Head-To-Head Comparison of Biologic Efficacy in Asthma: What Have We Learned?

Abstract

We performed an in-depth appraisal of indirect head-to-head comparisons of biologics approved for asthma, including anti-IL5/5Rα (mepolizumab, benralizumab), anti-IL4Rα (dupilumab), anti-TSLP (tezepelumab) and anti-IgE (omalizumab), which was neither a systematic review nor a meta-analysis. A crude evaluation of 95% CI's for rate ratios which excluded unity revealed greater overall reductions in annualised exacerbations with dupilumab versus either mepolizumab or benralizumab and also with tezepelumab versus benralizumab.
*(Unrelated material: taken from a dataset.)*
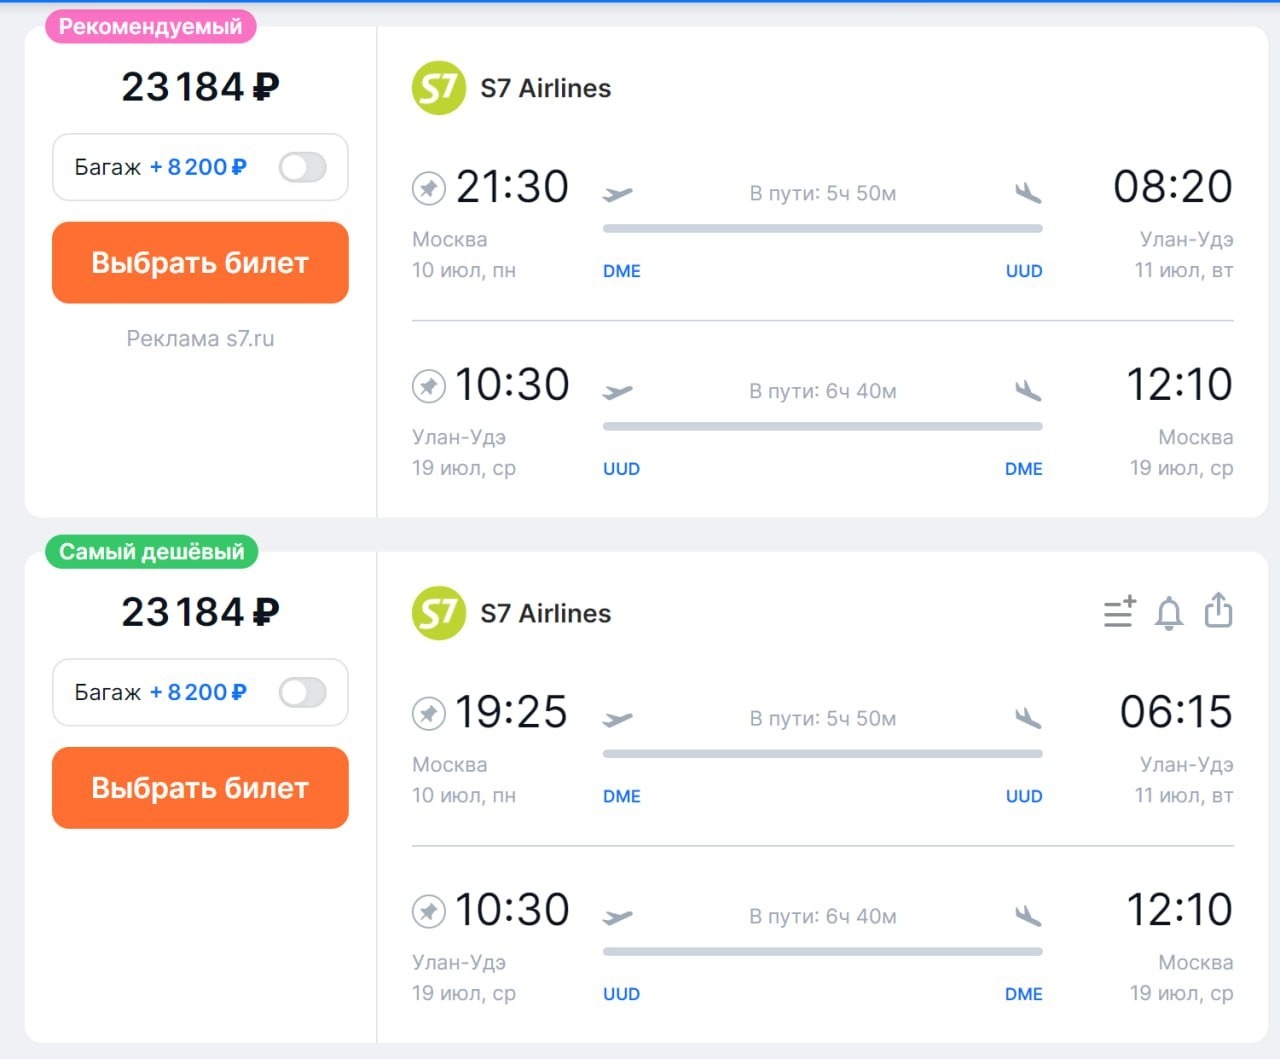 Стоимость билета на самолёт из Москвы в Улан-Удэ и обратно - 23184 руб

Furthermore in patients with eosinophils ≥ 300/μL exacerbation rates were lower for tezepelumab, dupilumab and mepolizumab versus benralizumab; and with eosinophils< 150/μL for tezepelumab versus dupilumab. For lung function, no overall differences in FEV1 response were observed between drugs where there was considerable heterogeneity of overlapping 95% CI's. Dupilumab was superior to benralizumab for oscillometry-derived peripheral lung resistance and compliance, as well as for attenuation of mannitol airway hyperresponsiveness. There were no differences in asthma control or quality of life scores where the effect sizes were small, along with wide overlaps in 95% CI's. There is an unmet need for prospective pragmatic randomised controlled trials to directly compare biologics, especially to assess clinical remission in both type 2 high and low asthma patients. Real-life studies might also evaluate complete remission with different biologics to include outcomes such as inhaled corticosteroid sparing, small airways dysfunction using oscillometry, abolition of airway hyperresponsiveness and to assess mucus plugging and remodelling as wall thickening with imaging.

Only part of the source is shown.